How to choose a Vibram sole for your hiking boot (2026 guide)
Megagrip, Mont, Ibex, Mulaz: which Vibram compound to choose based on terrain, activity and your boot's upper. The workshop's honest guide.

Vibram makes more than 30 different rubber compounds and each one is designed for a specific use. When a boot arrives at the workshop with a worn outsole, one of the first decisions we make is which compound to use for the resole. This guide sums up how we decide after 40+ years fitting Vibram to hiking boots in Madrid.
The short answer: the compound should match the boot's real use, not the factory model. It's very common to receive a boot whose owner bought it thinking about high-mountain trips and ends up using it only on Sierra de Guadarrama trails. Resoling it with the original compound would be a mistake.
Megagrip: the all-rounder
It's the most versatile compound and the one we fit most often. It combines excellent dry grip with very noticeable wet grip and slow wear. It works well on Pedriza granite, Pyrenean slate and forest tracks.
We recommend it on trekking and serious hiking boots (Scarpa Mojito, Lowa Renegade, La Sportiva Trango Tower, Asolo Falcon) whose owner does a mix of dry and wet outings. If you're torn between compounds, Megagrip is the safe bet.
Mont and Mulaz: technical high mountain
Mont is a harder compound designed for mountaineering, slab climbing in boots and very abrasive rock. It withstands the rubbing of crampons and friction against granite without losing its shape. In return, grip on polished or very wet surfaces is somewhat lower than Megagrip.
Mulaz is the evolution: the same hardness but with a more aggressive tread. We use it on double boots (Scarpa Phantom 8000, La Sportiva G2 Evo) and on lightweight mountaineering boots (Trango Tower Extreme).

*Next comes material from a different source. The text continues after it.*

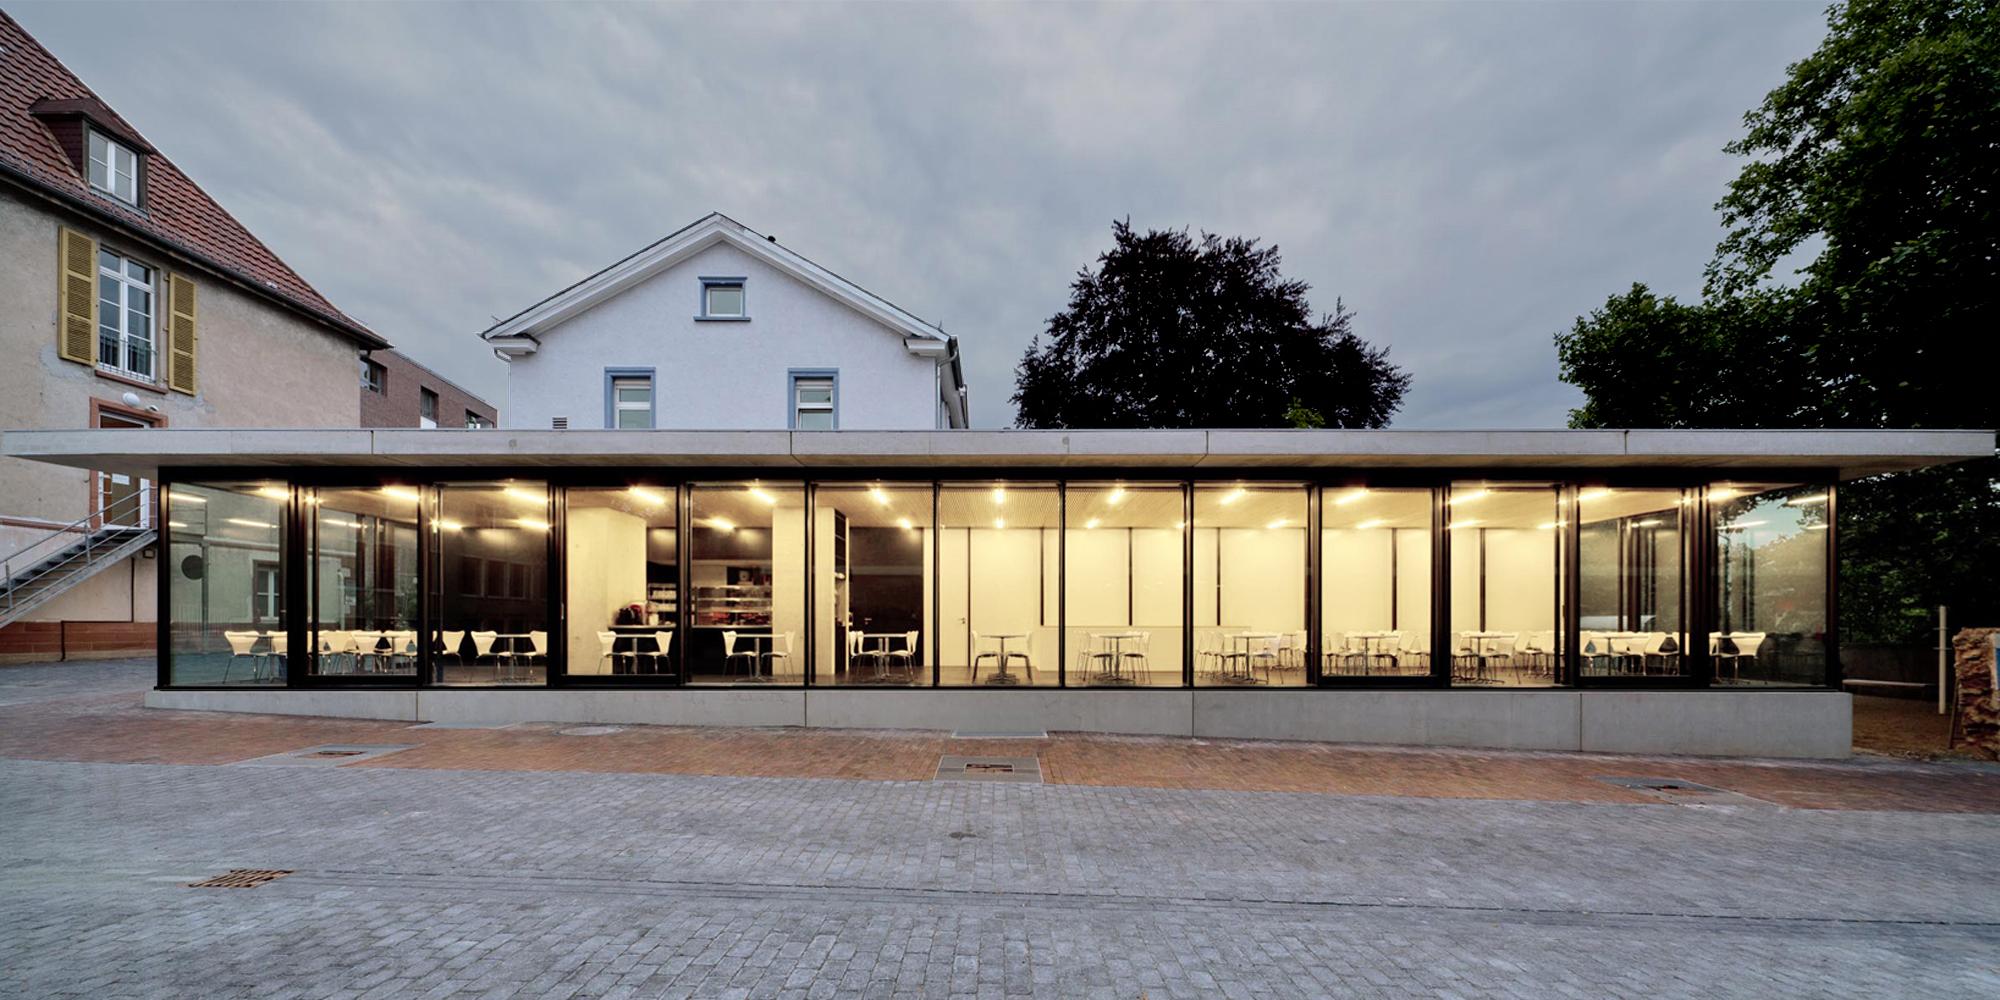 Architekten Darmstadt willkommen waechter waechter architekten bda darmstadt

If your use is the Picos de Europa in winter, glacier ascents and via ferratas with long rock sections, Mont/Mulaz is the right choice. For the Sierra de Madrid in dry conditions, they're too hard and you'll notice slips where with Megagrip you wouldn't have had any.
Ibex: snow and mixed terrain
Ibex is a soft compound with a very deep tread, designed to brake and grip on hard snow and mixed rock-snow terrain. We recommend it on boots that spend a lot of time above 2,500 m in winter.
The trade-off is rapid wear on dry ground: if you use your Ibex boot in summer on trails, you'll have worn it bald in a single season. If you only bring it out in winter, it lasts many years.
Vibram Idea (compound)
Idea is the softest and most aggressive compound in the Vibram catalogue, designed for technical approach and mixed via ferratas. We use it only on the customer's specific request because it wears out very quickly on trails.
What we decide in the workshop
When we receive your boot, our process is:
1. A photo via WhatsApp + a description of the real use (Sierra de Madrid, the Pyrenees, glacier mountaineering, sport climbing, mixed terrain…).
2. Analysis of the condition of the upper (leather, textile, Gore-Tex) and the midsole. If the midsole is compressed, the compound matters less: it has to be changed first.
3. A recommendation with a technical rather than a commercial argument: if Megagrip is enough for you, we won't fit Mont (it's more expensive and worse for your use).
4. A fixed quote via WhatsApp before we touch anything.
Heat-sealing on every resole
Whatever the compound, every Vibram outsole we bond comes with our lifetime guarantee on the outsole-upper join via the Pegafort system. If the bond fails at any point (not through an extreme knock or unreasonable use), the re-bond is free.
The guarantee covers the bond, not the wear of the rubber. A Megagrip outsole used on abrasive terrain may need a new sole in 600-800 km; that's service life, not a defect.